During the first vote on this bill in the House of Commons on Tuesday, 383 MPs supported the text, while 67 voted against. Among them are nearly sixty conservative MPs, including Business Minister Kemi Badenoch and several state secretaries.
An “anti-conservative” law
In the fall, the conservative Prime Minister, Rishi Sunak, launched, to everyone’s surprise, a very ambitious policy to combat smoking, even if it divided his camp. “It is our responsibility, our duty, to protect the next generation”, justified the Minister of Health, Victoria Atkins, at the opening of the debates in Westminster. According to the government, smoking is the leading cause of preventable death. It is responsible for around 80,000 deaths per year and one in four fatal cancers.
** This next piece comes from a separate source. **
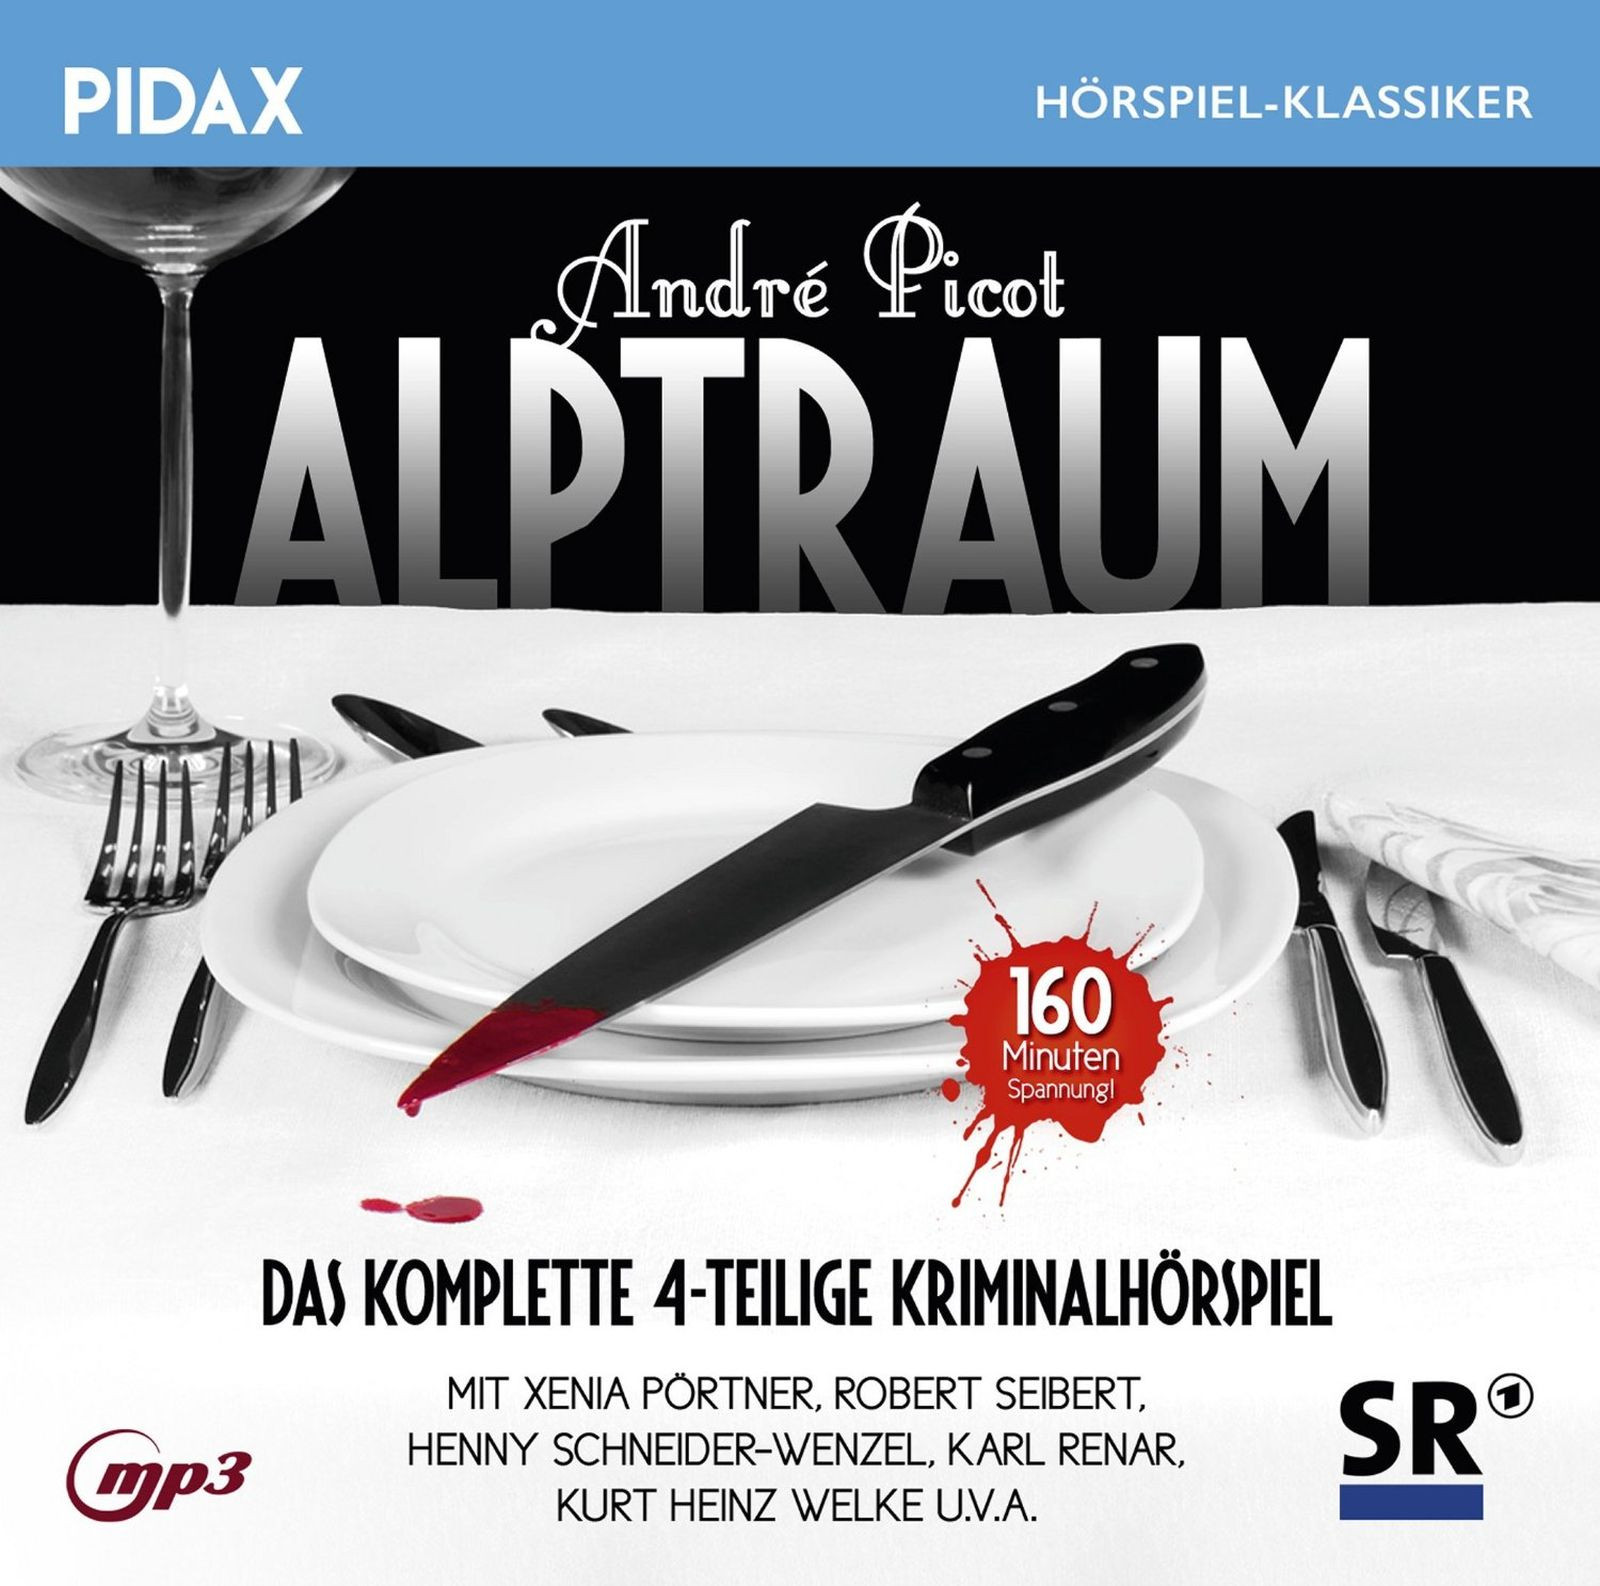 Pidax Hörspiel Klassiker - Alptraum

Rishi Sunak was able to count on the votes of the Labor Party to support his text. But the opposition of certain elected representatives of his majority is likely to further weaken his authority and reinforce divisions within his party, already well ahead of Labor in the polls in the run-up to the legislative elections expected this year. Liz Truss, short-lived head of government before Rishi Sunak, described him as“anti-conservative”. “We are a free country. We should not be the ones telling people not to smoke”. Former Prime Minister Boris Johnson also criticized the text, saying it was “just crazy” for Winston Churchill’s party to want to ban “cigars” of which the former conservative leader was an amateur.